**Exercise goal:** Only these lines are needed: the first line of the entries below through the line with "磁気計測機器ラインナップ【ガウスメーター/ホールプローブ/フラックスメータ】", each returned exactly.

Start of Data under study

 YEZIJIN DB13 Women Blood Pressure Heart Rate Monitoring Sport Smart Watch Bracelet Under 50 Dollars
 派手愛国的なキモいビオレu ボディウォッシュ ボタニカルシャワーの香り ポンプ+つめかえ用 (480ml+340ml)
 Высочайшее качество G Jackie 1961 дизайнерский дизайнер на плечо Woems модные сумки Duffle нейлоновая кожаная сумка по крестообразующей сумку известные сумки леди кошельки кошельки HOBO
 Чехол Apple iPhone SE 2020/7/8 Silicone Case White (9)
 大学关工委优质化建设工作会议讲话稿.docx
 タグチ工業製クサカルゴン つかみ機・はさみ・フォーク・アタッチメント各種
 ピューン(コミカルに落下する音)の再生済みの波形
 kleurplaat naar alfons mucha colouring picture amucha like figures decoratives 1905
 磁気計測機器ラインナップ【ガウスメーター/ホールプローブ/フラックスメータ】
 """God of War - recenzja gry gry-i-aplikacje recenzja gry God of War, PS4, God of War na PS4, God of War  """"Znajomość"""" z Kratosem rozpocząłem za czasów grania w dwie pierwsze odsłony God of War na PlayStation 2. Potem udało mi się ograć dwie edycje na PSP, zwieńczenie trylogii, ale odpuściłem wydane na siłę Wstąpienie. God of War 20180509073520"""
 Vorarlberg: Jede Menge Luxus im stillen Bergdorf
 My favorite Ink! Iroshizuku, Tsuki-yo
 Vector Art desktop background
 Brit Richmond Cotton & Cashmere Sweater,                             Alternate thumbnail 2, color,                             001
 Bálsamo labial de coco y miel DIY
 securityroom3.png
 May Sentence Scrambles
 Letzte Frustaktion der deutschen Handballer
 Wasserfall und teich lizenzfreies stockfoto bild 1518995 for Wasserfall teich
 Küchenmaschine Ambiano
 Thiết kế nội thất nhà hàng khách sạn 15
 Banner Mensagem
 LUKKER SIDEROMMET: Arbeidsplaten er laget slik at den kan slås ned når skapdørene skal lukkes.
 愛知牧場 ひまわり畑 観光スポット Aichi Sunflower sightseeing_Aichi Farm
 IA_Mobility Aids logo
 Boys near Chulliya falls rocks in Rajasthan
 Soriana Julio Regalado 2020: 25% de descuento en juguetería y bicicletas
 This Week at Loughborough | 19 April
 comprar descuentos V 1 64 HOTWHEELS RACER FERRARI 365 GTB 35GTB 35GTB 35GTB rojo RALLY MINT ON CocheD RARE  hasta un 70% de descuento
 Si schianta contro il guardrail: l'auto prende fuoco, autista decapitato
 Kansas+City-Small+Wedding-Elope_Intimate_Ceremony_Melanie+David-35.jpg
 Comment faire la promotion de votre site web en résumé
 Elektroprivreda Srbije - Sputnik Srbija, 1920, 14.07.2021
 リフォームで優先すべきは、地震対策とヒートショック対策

End of Data under study

**Answer to this problem:**
 YEZIJIN DB13 Women Blood Pressure Heart Rate Monitoring Sport Smart Watch Bracelet Under 50 Dollars
 派手愛国的なキモいビオレu ボディウォッシュ ボタニカルシャワーの香り ポンプ+つめかえ用 (480ml+340ml)
 Высочайшее качество G Jackie 1961 дизайнерский дизайнер на плечо Woems модные сумки Duffle нейлоновая кожаная сумка по крестообразующей сумку известные сумки леди кошельки кошельки HOBO
 Чехол Apple iPhone SE 2020/7/8 Silicone Case White (9)
 大学关工委优质化建设工作会议讲话稿.docx
 タグチ工業製クサカルゴン つかみ機・はさみ・フォーク・アタッチメント各種
 ピューン(コミカルに落下する音)の再生済みの波形
 kleurplaat naar alfons mucha colouring picture amucha like figures decoratives 1905
 磁気計測機器ラインナップ【ガウスメーター/ホールプローブ/フラックスメータ】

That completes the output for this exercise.